To me it also comes with the assumption that poor kids in poor communities are surrounded by unsuccessful people. And these unsuccessful people are unsuccessful because they aren't working hard. Telling poor kids they need to have grit and perseverance and they can go to college and get a great job won't do that much good when they look around in their community and see people with grit and perseverance who work two jobs for awful wages.
I am not trying to idealize "all these hard working poor people" but just to suggest that all the words of teachers, "giving information" about how working hard gets you ahead won't stand up against seeing actual hard working people (no matter how many) struggling to succeed despite their hard work.
Great comment!
ReplyDeleteI am intrigued by this topic. I think that this willful blindness to historical circumstance is characteristic of many of the big mistakes made by reformers today.
I am thinking about the analogue in the recent history of the New Orleans teachers' unions. As a fresh young alternative certification teacher in NOLA, I was fed distinctively anti-union rhetoric.
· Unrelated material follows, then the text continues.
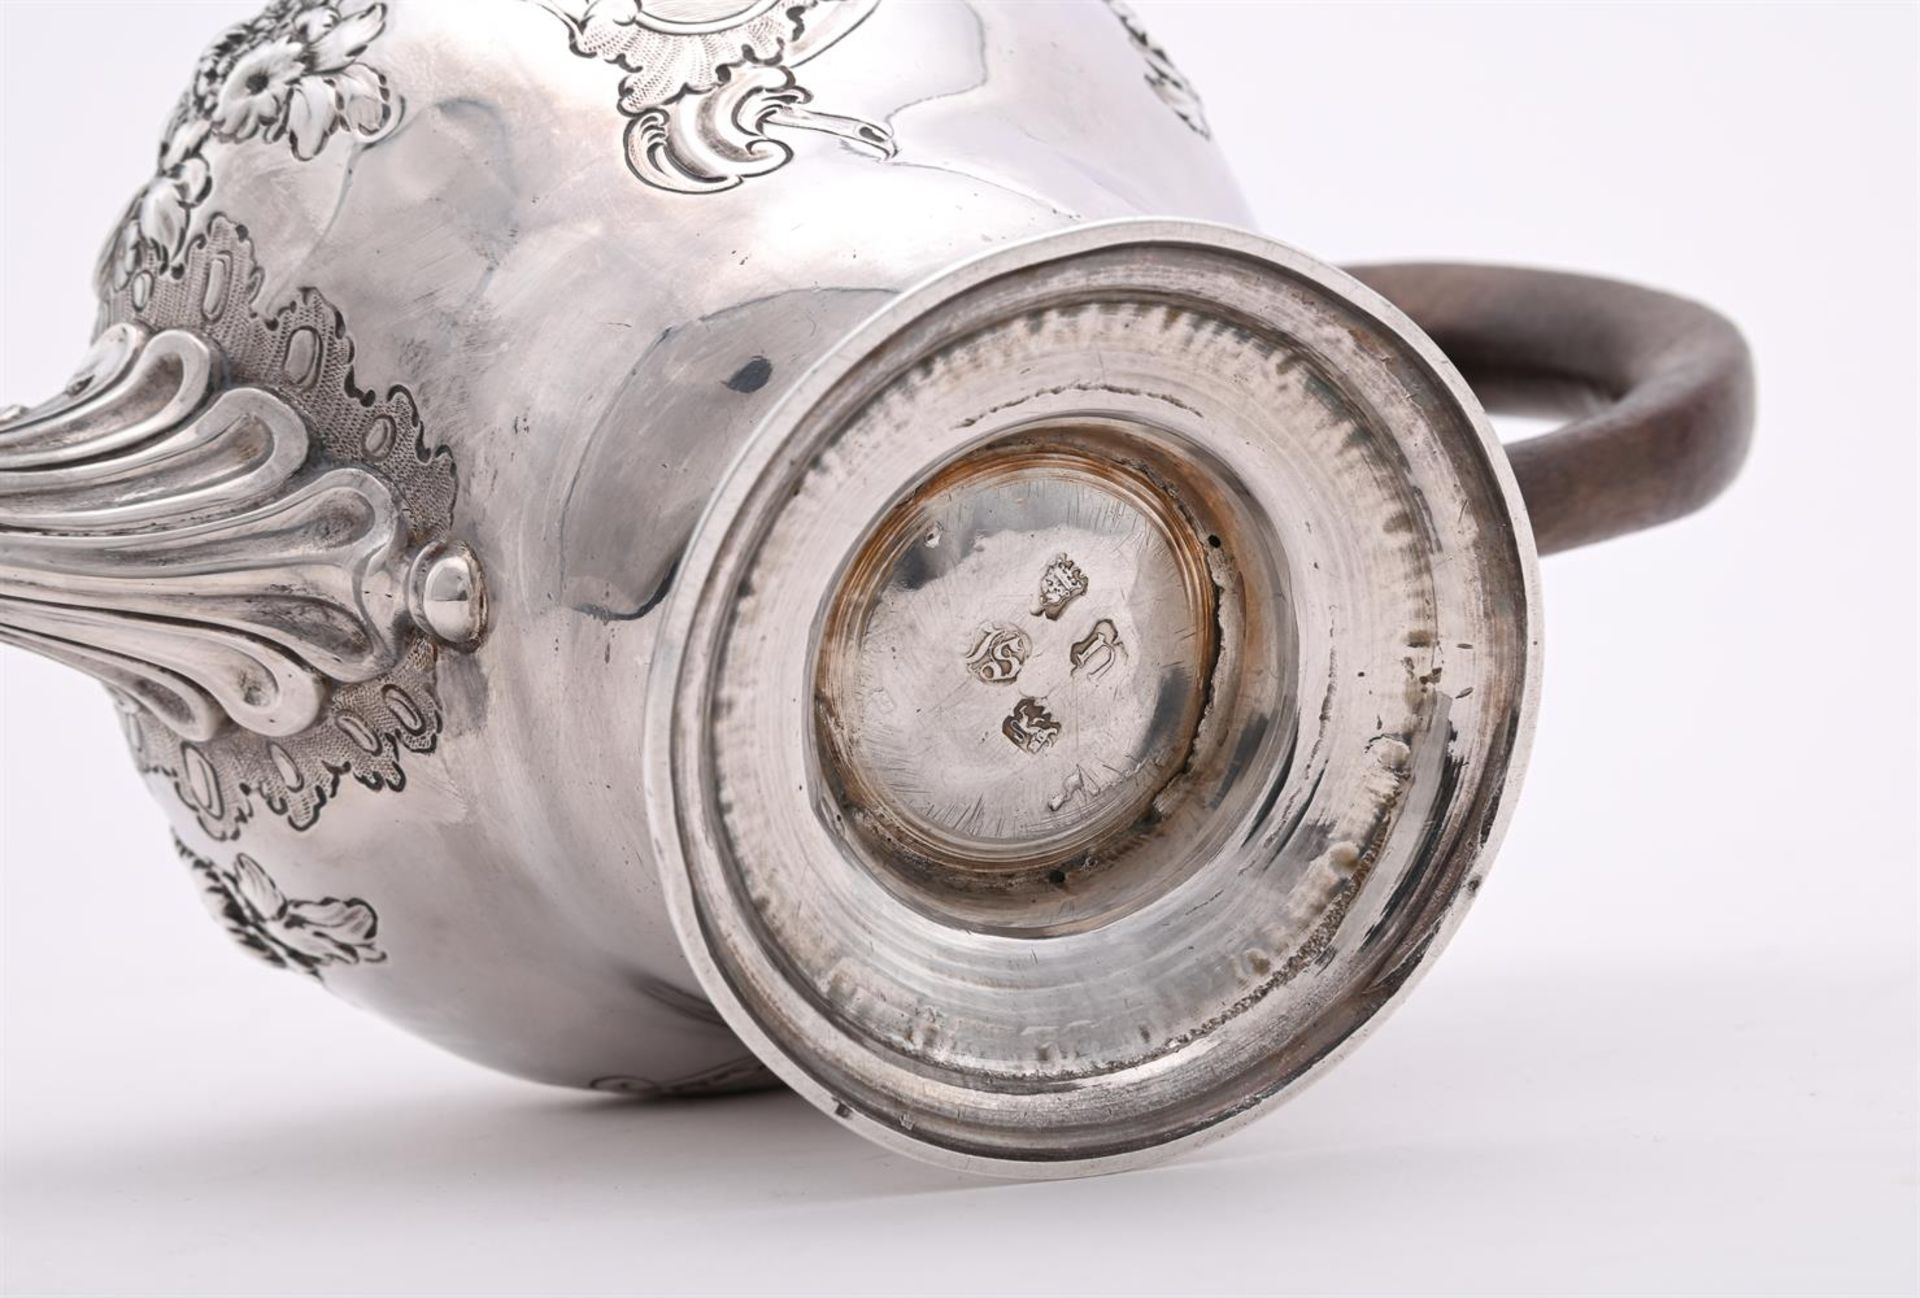 A GEORGE II SILVER INVERTED PEAR SHAPED TEAPOT - Image 2 of 2

Only through my own research did I learn about the actions taken by the RSD against teachers in the aftermath of Katrina. Much of the problems my students faced was blamed on lazy New Orleans teachers. Never did I have the occasion to talk with other educators about the schools in New Orleans that had really worked.
What you point out was a very difficult question for me to consider as a teacher in New Orleans. My students were hammered over the head with KIPP-style messages, many of which I could get behind, but none of which came with an accompanying conversation about the historical causes of black poverty in New Orleans. We were "change agents," and saw ourselves as being divorced from the prior regime (the old black teachers, essentially). Therefore, we never talked about them except to shake our heads.
To me the aims of KIPP as reflected in this article, like NCLB, are short-sighted and just not ambitious. Are we really teaching our students just so they can be successful along certain expectations (primarily wealth-related)? We have to stand up and face the fact that our black and latino citizens are facing the Great Depression of our era! We are a country full of people who cannot read and many who can read but choose not to. We live in an age of wholesale cynicism and a deep distrust of politics. These are the massive issues of the world that a teacher in any school must address through their pedagogy.
The role of moral teacher is one that in the past would have been left to the clergy. If we are to take on this role in schools (as John Tough points out - should we?) we must take lessons from religion and philosophy, not from corporate quality assurance. What's significant is not that we pound slogans into our students or regulate their behavior like lab rats, but that we kindle their natural creativity and foster their natural ability to understand what is good and what is bad. We should be like Socrates, uncovering what is already there, not like B.F. Skinner.
What fantastic comments--posts unto themselves. Thank you, both of you.